CHICAGO (WLS) -- "I'm confident we're making these stops in constitutional fashion," Chicago Police Supt. Garry McCarthy said Friday after reaching an agreement with the ACLU over so-called "stop-and-frisks."
In March, a report from the ACLU of Illinois found Chicago police officers disproportionately targeted blacks and other racial minorities in hundreds of thousands of stop, question and frisk encounters. The ACLU accused the Chicago Police Department's policy of feeding racial profiling and threatened a lawsuit.
The agreement avoids litigation and will lead to a change in CPD procedures, including more record-keeping, police officer training, and public disclosure on traffic stops. It will also set a national standard, McCarthy said.
"It's not going to be a change in the actual way we stop people, it's going to be a change in the way that we record it," McCarthy said.
The city and department have agreed to collect additional data about investigatory stops. That includes officers' names and badge numbers, the race, ethnicity and gender of the person stopped, the reason for the stop, the location, date and time of the stop and other details.
That information will be given to the ACLU and Former U.S. Magistrate Judge Arlander Keys, who will oversee the agreement's implementation and release a public report twice a year. Judge Keys will be able to look at where the stops are occurring and who is making them, down to the individual officer.
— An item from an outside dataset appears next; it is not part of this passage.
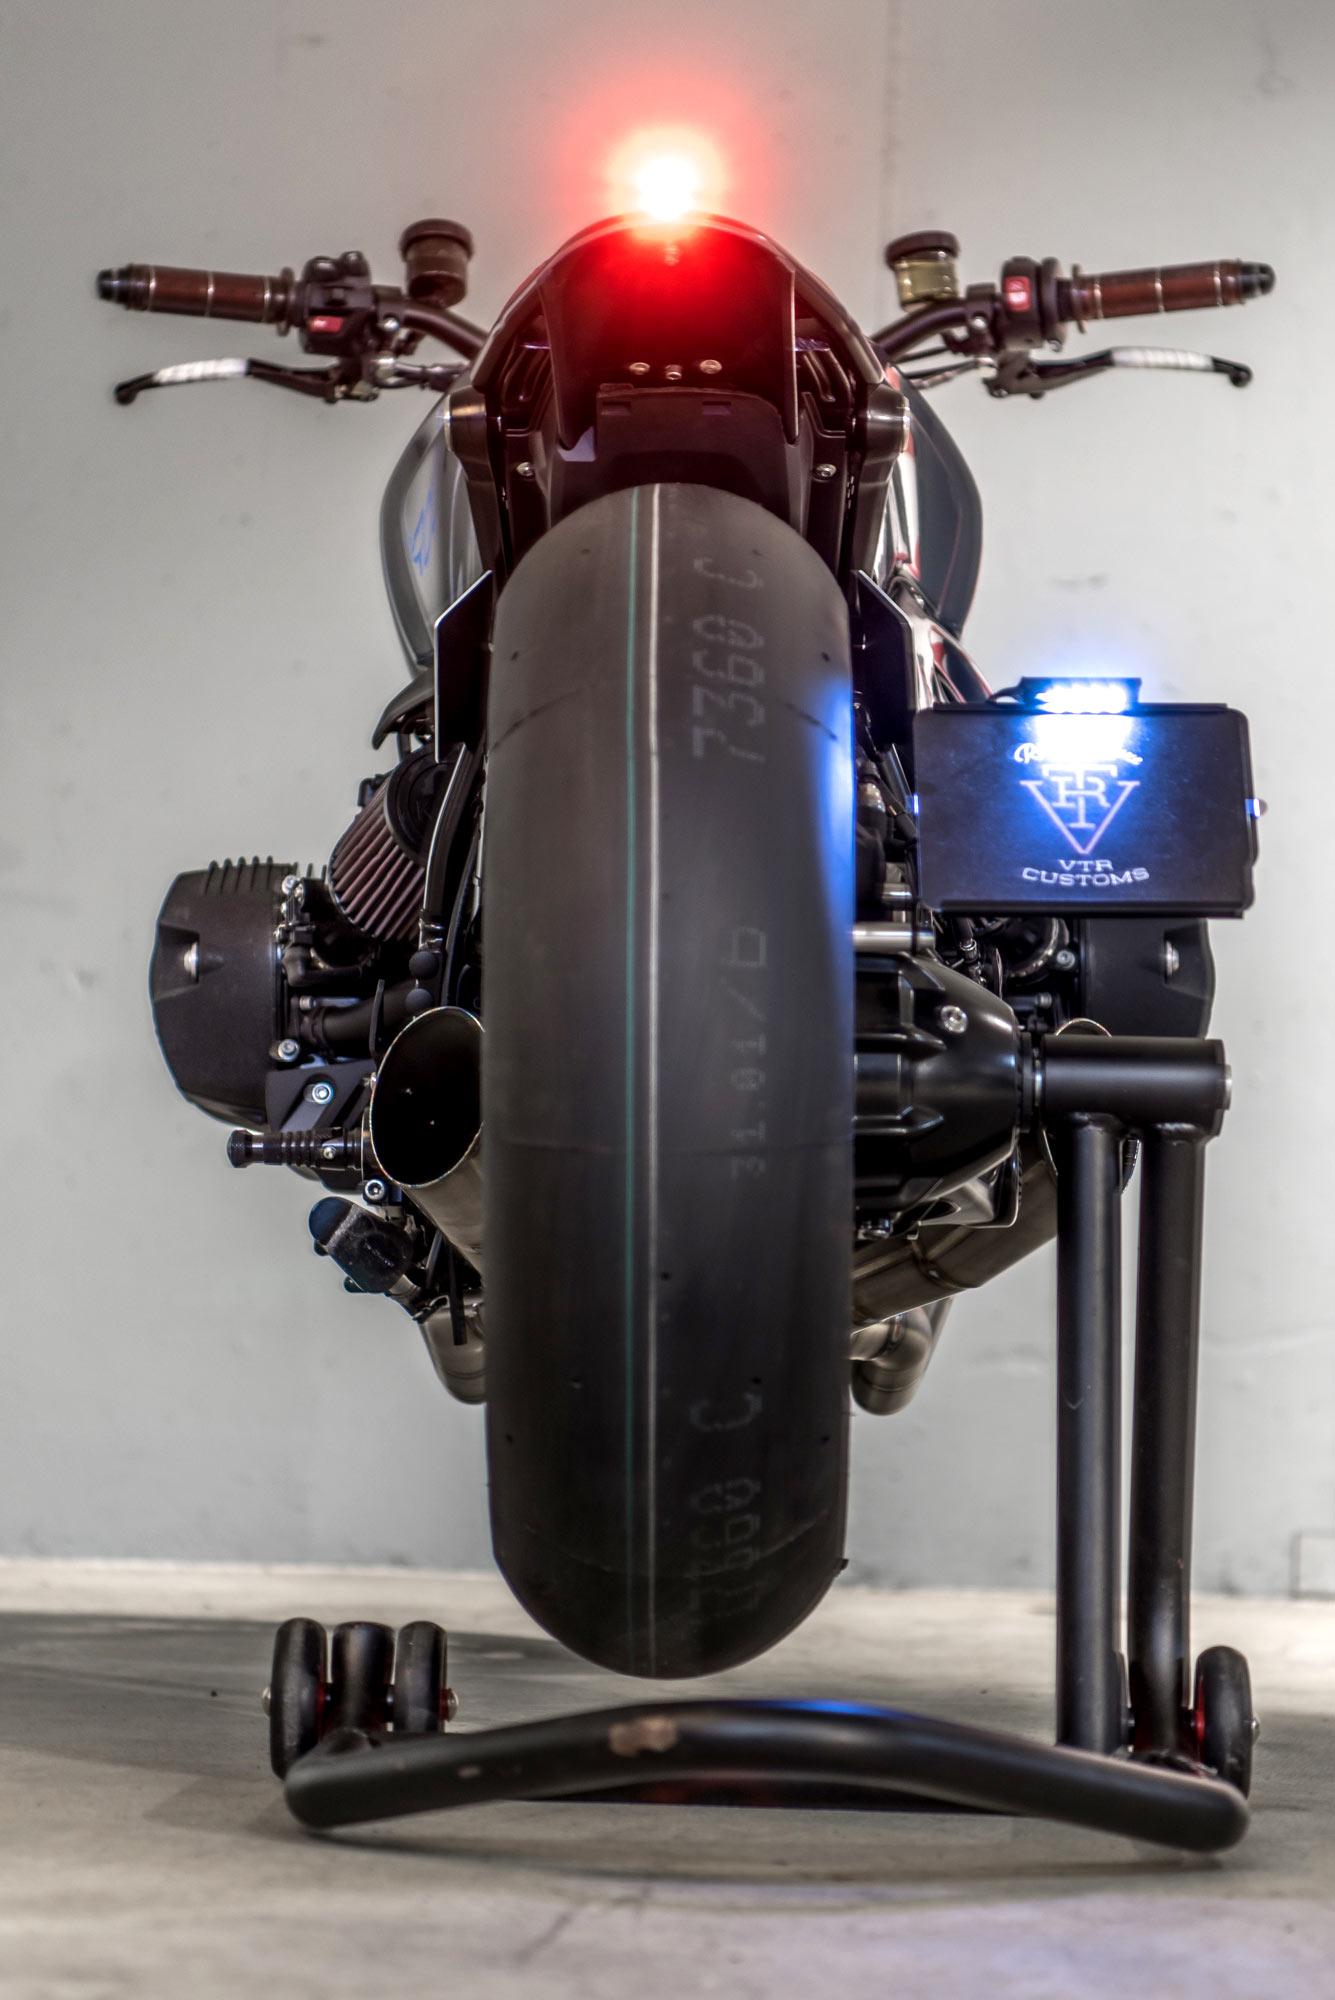 VTR_Customs_ST33_BMW_R9T_Tracker_BIGS_10.jpg

The increased training is designed to ensure stops are conducted only when necessary and that pat downs are done only when legally justified.
"The policy provides for a high level of training and, more importantly, with it supervision to actually see that it is being done on the ground," McCarthy said.
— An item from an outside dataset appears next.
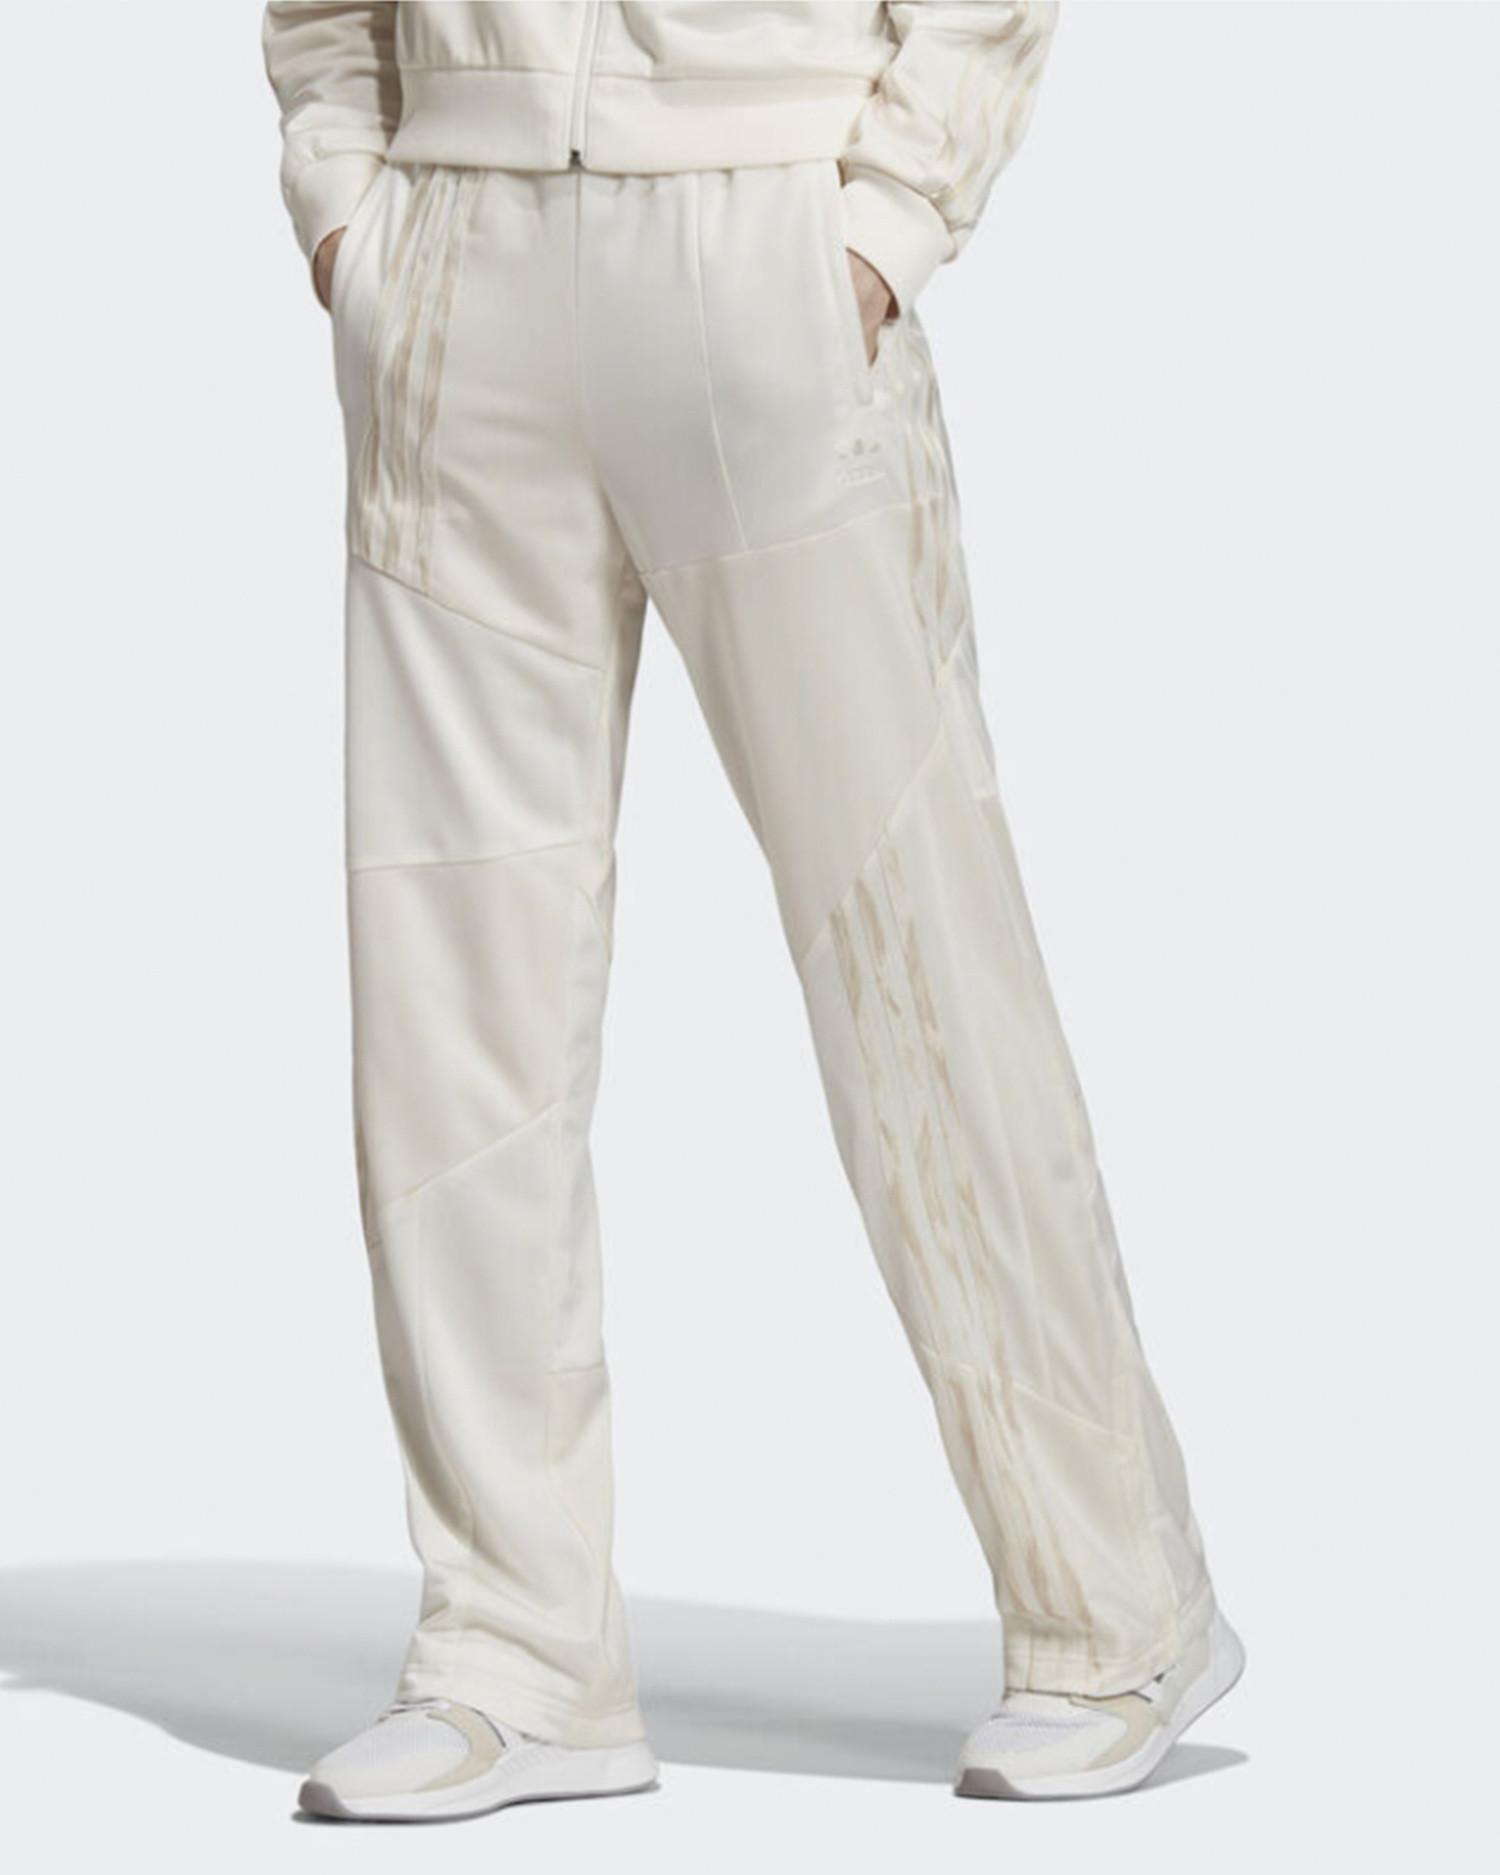 Adidas DaniÌÎÌàlle Cathari Trackpant Firebird Cloud White

When police officers make a stop, they must have a reasonable suspicion that a subject committed or is about to commit a crime and be able to articulate it under the U.S. Supreme Court ruling Terry v. Ohio. From May to August of 2014, Chicago police officers made more than 250,000 stops that did not lead to arrests, according to the ACLU study. Nearly 75-percent of the people stopped were African Americans.
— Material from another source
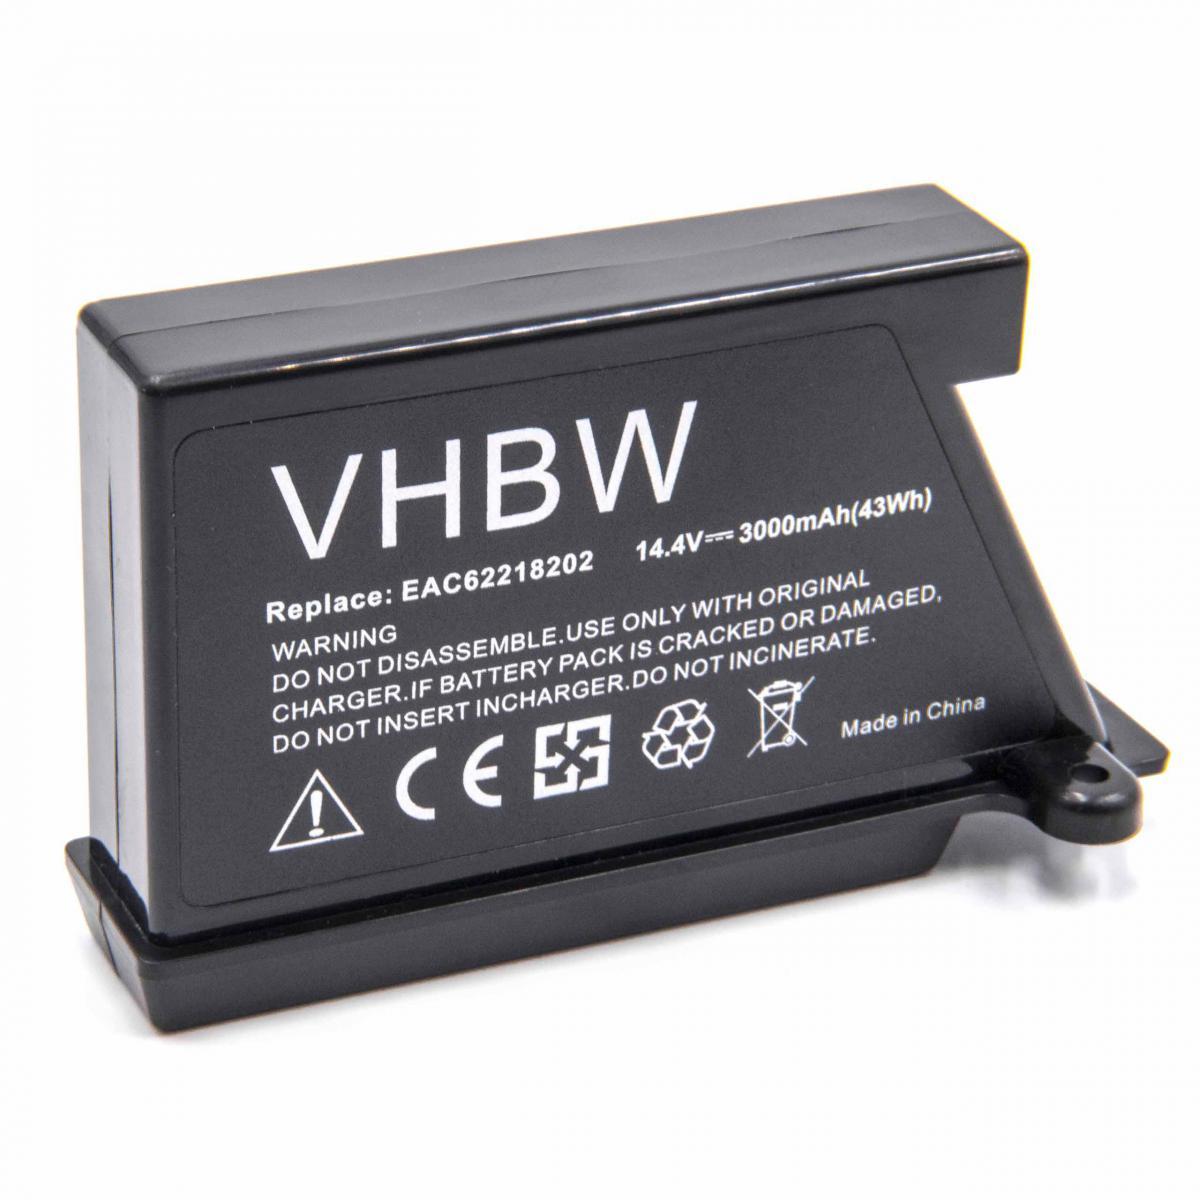 Vhbw vhbw Batterie compatible avec LG HOM-BOT VR6560LV, VR65704LVM, VR6570LVM robot électroménager (3000mAh, 14,4V, Li-ion)

"If we're not articulating our reasonable suspicion, we've got a problem," McCarthy said.
The City of Chicago, Chicago Police Department, and ACLU have been negotiating for months to avoid an expensive and time-consuming lawsuit.
"What we have done here is move past the litigation process and advanced directly to a collaborative process, to insure that stops on Chicago streets meet constitutional and legal standards," the parties said in a release.
MCCARTHY AND STOP-AND-FRISK
McCarthy made it clear Friday he is not a fan of the label stop-and-frisk.
"The words stop-and-frisk have taken on a meaning that go far beyond Terry V. Ohio," McCarthy said. "There is not a department in this country that has a stop-and-frisk-program... These are investigative stops and officers will perform protective pat-downs when necessary."
Two police departments where McCarthy worked came under fire for their use of the tactic - the New York City Police Department, where McCarthy was once a high-ranking member and Newark, New Jersey, which he headed before coming to Chicago. In New York, a monitor is overseeing changes to the stop-and-frisk policy after a federal judge ruled that the tactic sometimes discriminated against minorities. Last August, the city dropped its appeals of the decision after a new mayor took over who was elected, in part, on an anti-stop-and-frisk campaign.
And in Newark, the department was placed under a federal monitor after the U.S. Department of Justice found that during a period when McCarthy ran that department, 75 percent of pedestrian stops were made without constitutionally adequate reasons and in a city where blacks make up 54 percent of the population, they accounted for 85 percent of those stops.
CPD FACES FEDERAL LAWSUIT
The Chicago Police Department does face a federal lawsuit filed in April and seeking class-action status. In that lawsuit, six African-American Chicago residents claim the street stops have led to constitutional abuses, including unlawful searches and seizures as well as excessive force.
An attorney for the men said the settlement can only bolster his legal action.
"I don't think the police department will come out and say 'We were guilty of unconstitutional stops of African Americans,' ... I certainly think that it does add a lot of credibility to the lawsuit," said Antonio Romanucci.